Most SAP S/4HANA business cases are built on promises of clean cores, standardized processes, and rapid innovation. However, what starts as a transformation often turns into an inheritance project. Instead of designing purely for the future, IT teams find themselves heavily taxed by the past. They are forced to carry forward custom code, process variants, and massive data footprints from previous ERP generations.

This technical inheritance can drain an organization’s resources. Therefore, for CIOs, especially, every dollar spent maintaining a frozen SAP ECC environment or patching a legacy non-SAP application is a dollar they cannot spend on AI, cloud innovation, or customer experience. The project isn’t just about implementing the new; it’s about paying for the old.

The Brownfield Reality

This challenge is the result of the Brownfield, or selective data transition, often winning out over a Greenfield approach, as finance, tax, and legal departments cannot simply delete the last 15 years of business history. They need access to old invoices, audit trails, and asset lifecycles for statutory compliance.

Consequently, many organizations compromise by moving to SAP S/4HANA while keeping their legacy systems running in the background for read-only access. This creates a shadow estate of applications that offer no business value but continue to consume licenses, infrastructure, and energy.

Accept the Data, Not the System

Organizations can break this cycle when they realize they can accept the inheritance of data without taking on the burden of the system. Data Migration International’s (DMI’s) JiVS Information Management Platform (IMP) helps organizations in this endeavor by creating a clean break and decoupling historical information from the application that created it.

With JiVS, organizations can migrate 100% of their legacy structured and unstructured data into a system-independent, legally compliant retention platform. This allows them to fully decommission SAP or non-SAP source systems while ensuring auditors and business users continue to have immediate access to the information they need. The result is often a reduction in operational costs by up to 80% and a significantly leaner, faster migration to SAP S/4HANA.

Data Versus Systems

For the modern CIO, it is essential to distinguish that legacy data is not the enemy; unmanaged legacy systems are. Data is institutional memory; it is an asset.
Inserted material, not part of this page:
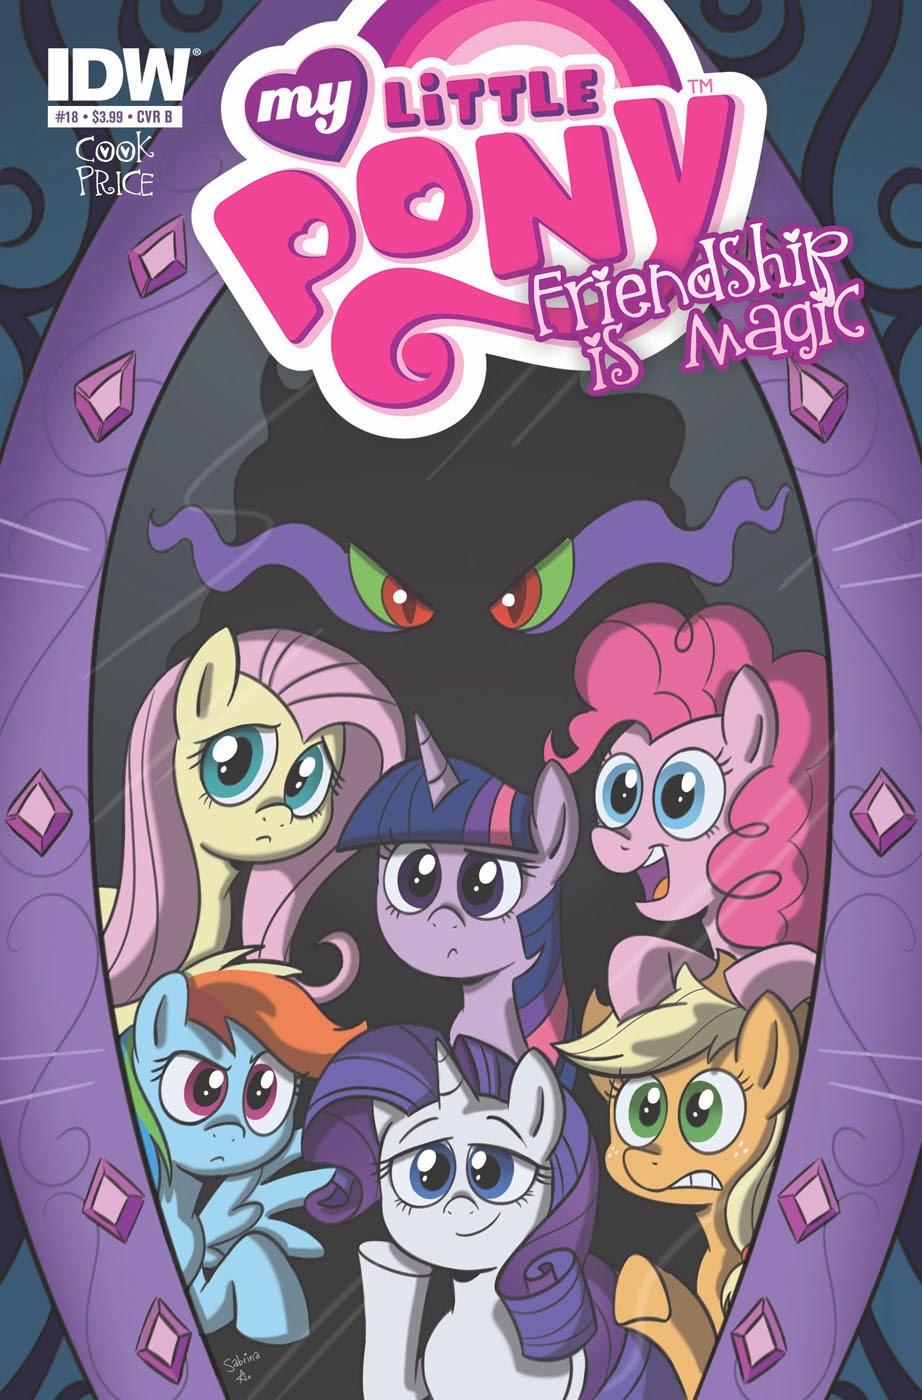 My Little Pony: Friendship is Magic, Vol. 2 - IDW Publishing
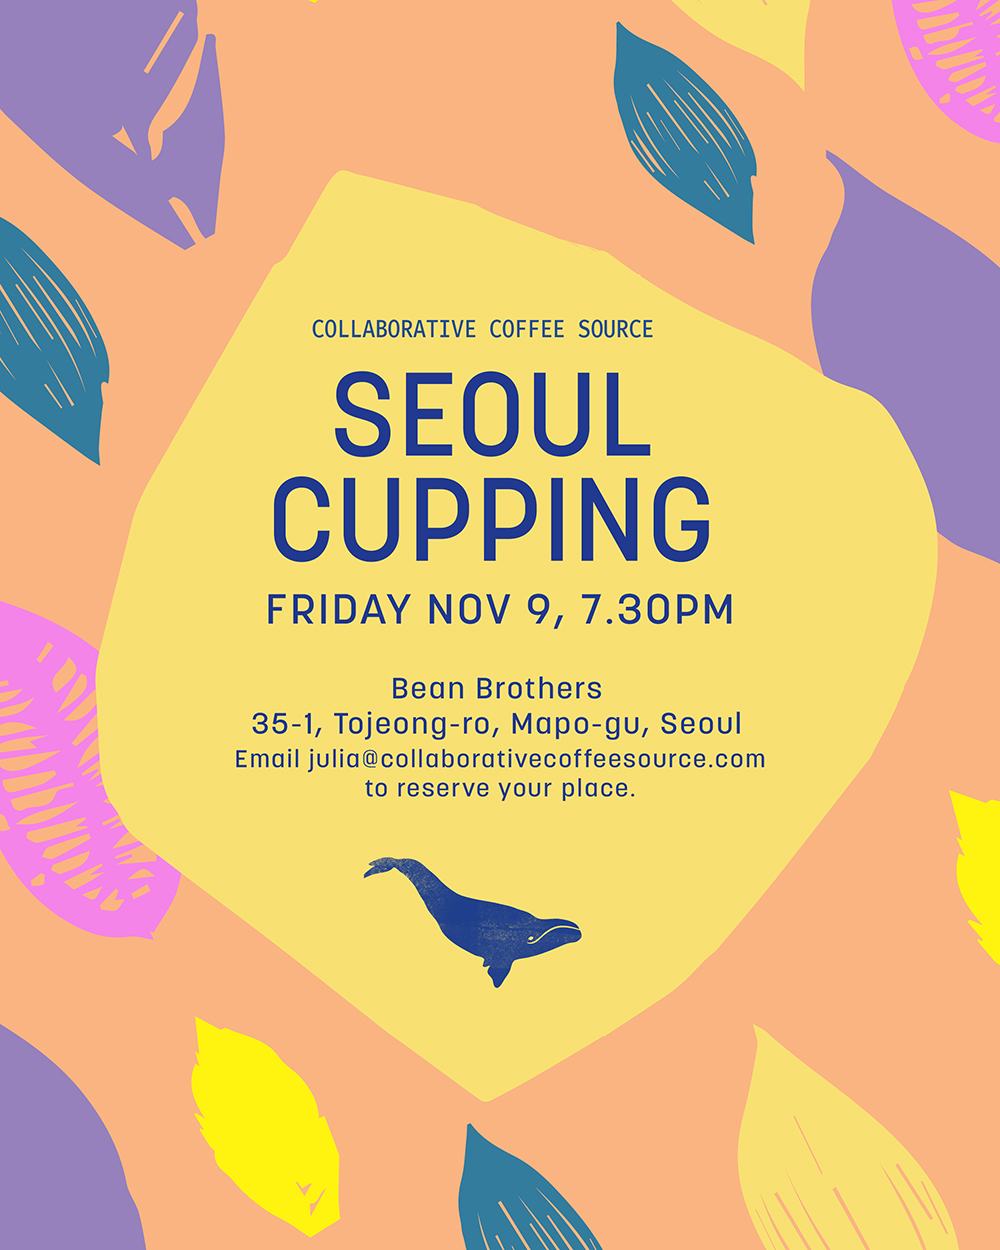 Seoul Cupping sm.jpg

However, a legacy system is a liability that prevents the organization from moving quickly. By using a platform like JiVS to separate the two, leaders can finally stop inheriting the past and start fully investing in the future.

What This Means for ERP Insiders

Organizations must move beyond legacy systems to keep a Clean Core. While the allure of a Greenfield SAP S/4HANA implementation is a fresh start, the reality for most enterprises is a complex Brownfield or hybrid scenario. However, organizations cannot ignore the past to build the future. Thus, the challenge lies in how organizations can keep legacy data, which is a legal and audit requirement, without treating the new SAP S/4HANA system as a dumping ground for historical data. Organizations that cannot meet this task effectively turn their digital transformation into an expensive inheritance exercise and risk polluting the new clean core with decades of process variants.

Maintaining legacy systems solely for data retention raises costs and inefficiencies. Keeping legacy systems running consumes infrastructure and licenses. However, more critically, it ties up scarce functional expertise. Organizations that maintain such systems solely to preserve legacy data force their IT teams to bankroll technical debt rather than fund innovation. ERP Insiders must therefore recognize that data retention does not require application retention to break this cycle.

Decouple to accelerate migration. Data Migration International presents a specific architectural approach—typified by its JiVS IMP—where data is strictly decoupled from the application layer. By moving 100% of structured and unstructured data to a system-independent layer, organizations can retire the source system entirely while maintaining legal certainty over their data. This is a migration accelerator, reducing SAP S/4HANA migration effort by 50%.